However, local minima isn’t always truly cause the problem when training.
When it comes to mulvariable situation, we can also apply the steps above, just simply apply it to multible variable.
Upgrade the Function
$$ y = b + \sum_{i = 1}^{len}{\omega_ix_i} \tag{Linear model} $$
Take the data before into consideration comprehensively.
And the model above is usually called Linear model.
When $len$ increases, the predict of Function usually converges on a certain value.
Function improvement
Piecewise Linear Curve
It’s clear that the linear models are quiet simple, so wo can try to compound several linear models together to approach the curve.
$$ All Piecewise Linear Curve = constant + sum of a set of piecewise linear function $$
Beyond Piecewise Linear
And when we are confronted with sth that beyond piecewise linear, we can approximate continuous curve by a piecewise linear curve, just sample a few points and cut the curve into sufficient pieces.
Get some piecewise linear function (Sigmoid Function)
In fact, these piecewise linear functions are usually composed by three pieces: zero, linear and then constant. Then we may can approach the piecewise linear functions by some basic functions, like:
$$ y = c \frac{1}{1 + e^{-(b + \omega x_1)}} $$
When $x_1 \rightarrow \infty$ , $1 + e^{-(b + \omega x_1)} \rightarrow 1$, and $y \rightarrow c$ . Apparently, when $x_1 \rightarrow -\infty$, $1 + e^{-(b + \omega x_1)} \rightarrow \infty$, and $y \rightarrow 0$ , which can satisfy our needs.
And the function above is called sigmoid funcion, so
$$ y = c \space sigmoid(b + \omega x_1) $$
The original piecewise linear function is usually called hard sigmoid.
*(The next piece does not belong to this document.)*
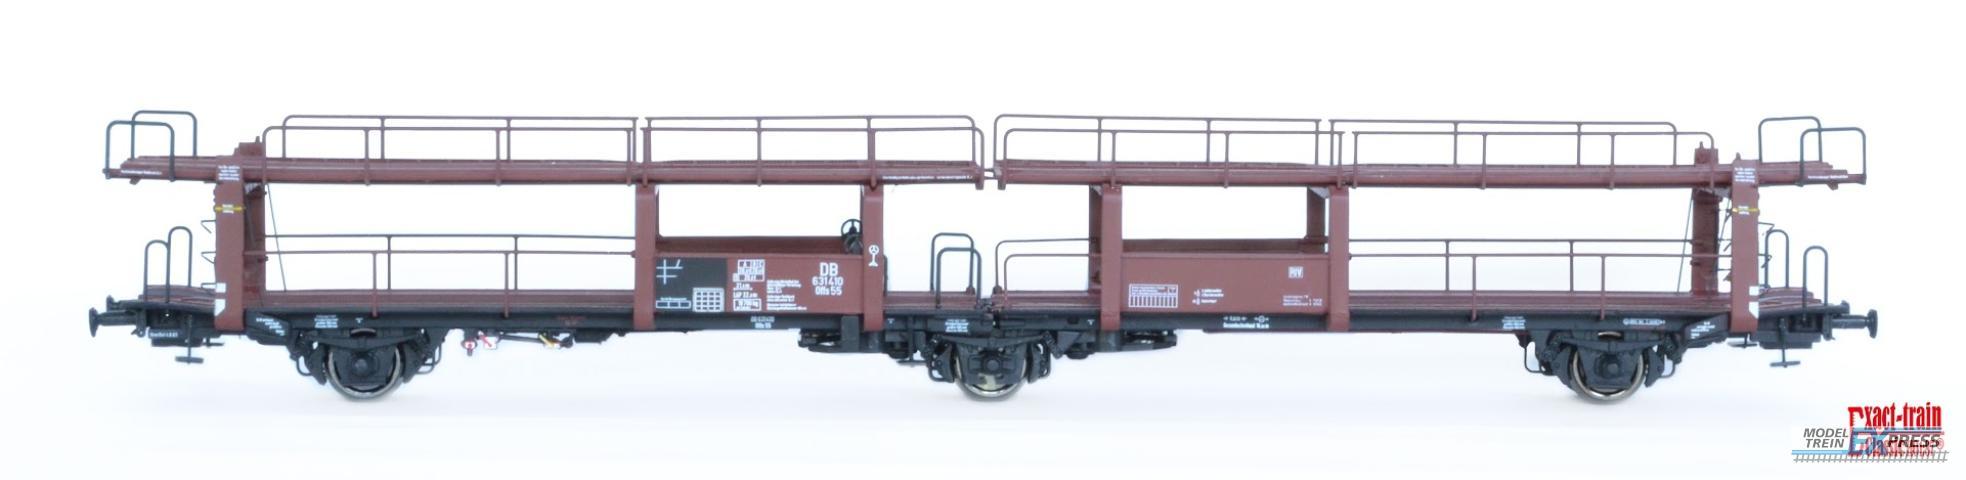 Exact-train 20024

Here’s the effect of argument in sigmoid funcion.
-
$\omega$: change slopes
-
$b$: shift
-
$c$: change height
After the bedding above, we can approach a specific funcion like:
$$ y = b + \sum_{i}{c_i\space sigmoid(b_i + \omega_i x_i)} $$
And when we try to make the most of the data we obtained currently, we can change the function into:
$$ y = b + \sum_{i}{c_i \space sigmoid(b_i + \sum_{j}{w_{ij} x_j})} $$
Let
$$ r_i = b_i + \sum_{j}{w_{ij} x_j} $$
then we can get matrix below:
$$ \begin{bmatrix} r \end{bmatrix} = \begin{bmatrix} \bf{b} \end{bmatrix} + \begin{bmatrix} \bf{\omega}{i1} \space \bf{\omega}{i2} \space \ldots \space \bf{\omega}_{in} \end{bmatrix} \begin{bmatrix} \bf{x} \end{bmatrix} $$
where $\bf{r}$, $\bf{b}$, $\bf{\omega}_{ij}$, $\bf{x}$ are all vector.
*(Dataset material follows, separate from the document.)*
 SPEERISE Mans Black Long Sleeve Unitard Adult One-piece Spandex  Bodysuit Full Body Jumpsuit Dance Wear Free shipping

Also, we can define $\bf{a} = \sigma(\bf{r})$, and the function will be:
$$ y = b + \bf{c}^T \bf{a} $$
in a concise way.
or:
$$ y = b + \bf{c}^T \sigma(\bf{b} + \bf{W}\bf{x}) $$
in a linear algebra way.
The loss of sigmoid funcion
And it’s neccesary to introduce the parameters in the function above again:
-
$\bf{x}$: feature
-
$\bf{W}, b, \bf{c}^T, \bf{b}$: Unknown parameters
And by combining $\bf{W}, \bf{c}, \bf{b}, b$ into a row, we can get a vector $\bf{\theta}$.
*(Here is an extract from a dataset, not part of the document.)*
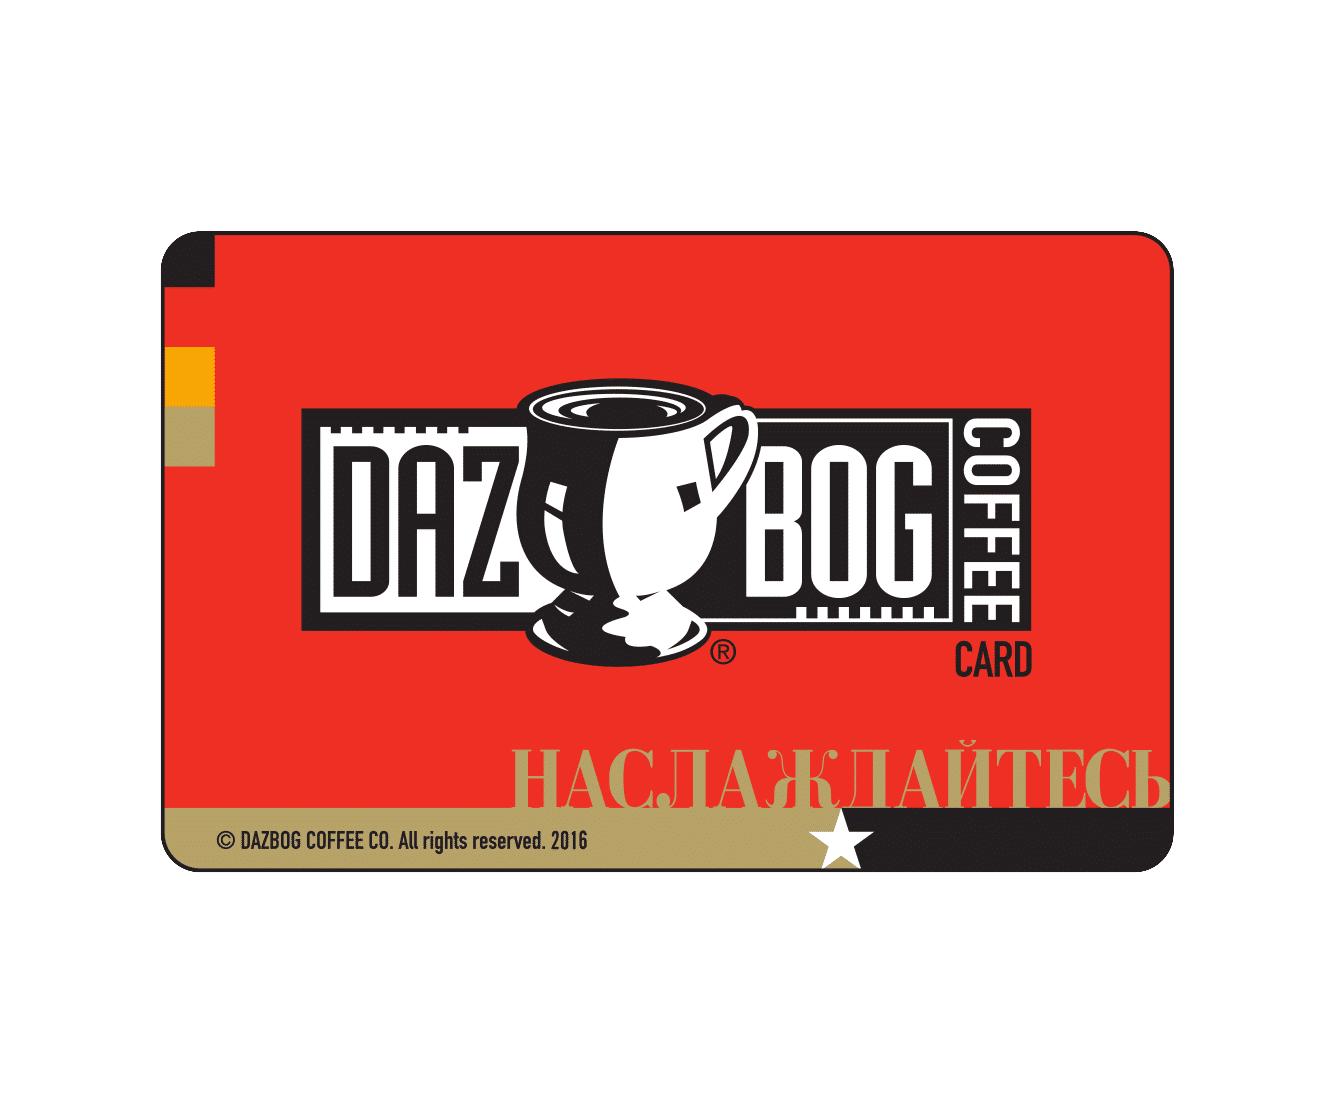 Gift card dazbog coffee dazbog giftcard negle Images

So, similarly, we can have loss function $L(\bf{\theta})$, like:
$$ L = \frac 1N \sum_{n}{e_n} $$
And… the Optimization of Sigmoid Funtion
Almost the same as before.
$$ \begin{bmatrix} \bf{\theta}^i \end{bmatrix} \leftarrow \begin{bmatrix} \bf{\theta}^{i - 1} \end{bmatrix} - \begin{bmatrix} \bf{\eta \left. \frac{\partial L}{\partial \theta} \right|_{\theta = \theta^{i - 1}}} \end{bmatrix} $$
We can define $\bf{g}$ (gradient):
$$ \bf{g} = \bf{\left. \frac{\partial L}{\partial \theta} \right|_{\theta = \theta^{i - 1}}} $$
So, we have
$$ \bf{g} = \nabla L(\bf{\theta^0}) $$
When we solve the problem in reality, we ramdomly divide the total data $N$ into several batchs, each called a batch. And for each batch, we can calculate the value of Loss, $L_i$, and individually use $L_i$ to update $\bf{\theta}$ , and when we see all the batched once, we say that we go through a epoch.
Another choice: ReLU
If we don’t adapt the sigmoid function method to approach the piecewise linear function, we can also try Rectified Linear Unit(ReLU):
$$ y = c \space max(0, b + \omega x_1) + c’ \space max(0, b’ + \omega x_1) $$
So we can approach the curve like this:
$$ y = b + \sum_{2i}{c_i \space max(0, b_i + \sum_{j}{w_{ij} x_j})} $$
compared to sigmoid function:
$$ y = b + \sum_{i}{c_i \space sigmoid(b_i + \sum_{j}{w_{ij} x_j})} $$
As a result, we can identify both sigmoid and ReLU into Activation function.
Further Improvement: Deep Learning
So temporarily, we still assume that we take sigmoid as activation function, take $\bf{a} = \sigma(\bf{r})$ , the sigmoid we have mentioned:
$$ y = b + \bf{c}^T \bf{a} $$
Now we can take a step further: can we put $a$ as in input into sigmoid function, like:
$$ \bf{a}’ = \sigma (\bf{b}’ + \bf{W}’\bf{a}) $$
This is called adding a layer in funcion. By doing this, we can greatly improve the accuracy of our model.
And we can name one sigmoid function in the model by Neuron, and the whole model can be named as Neural Network.
Among the model, we’ve got many layers, which can be named as hidden layer, so the whole technique can also called Deep Learning.
$$ Deep = Many\space hidden\space layers $$
A few examples
-
AlexNet(2012): 8 layers
-
VGG(2014): 19 layers
-
GoogleNet(2014): 22 layers
-
Residual Net(2015): 152 layers
Thinking:
-
Why deep, instead of broad?
-
Why not deeper? Overfitting: Better on training data, worse on unseen data.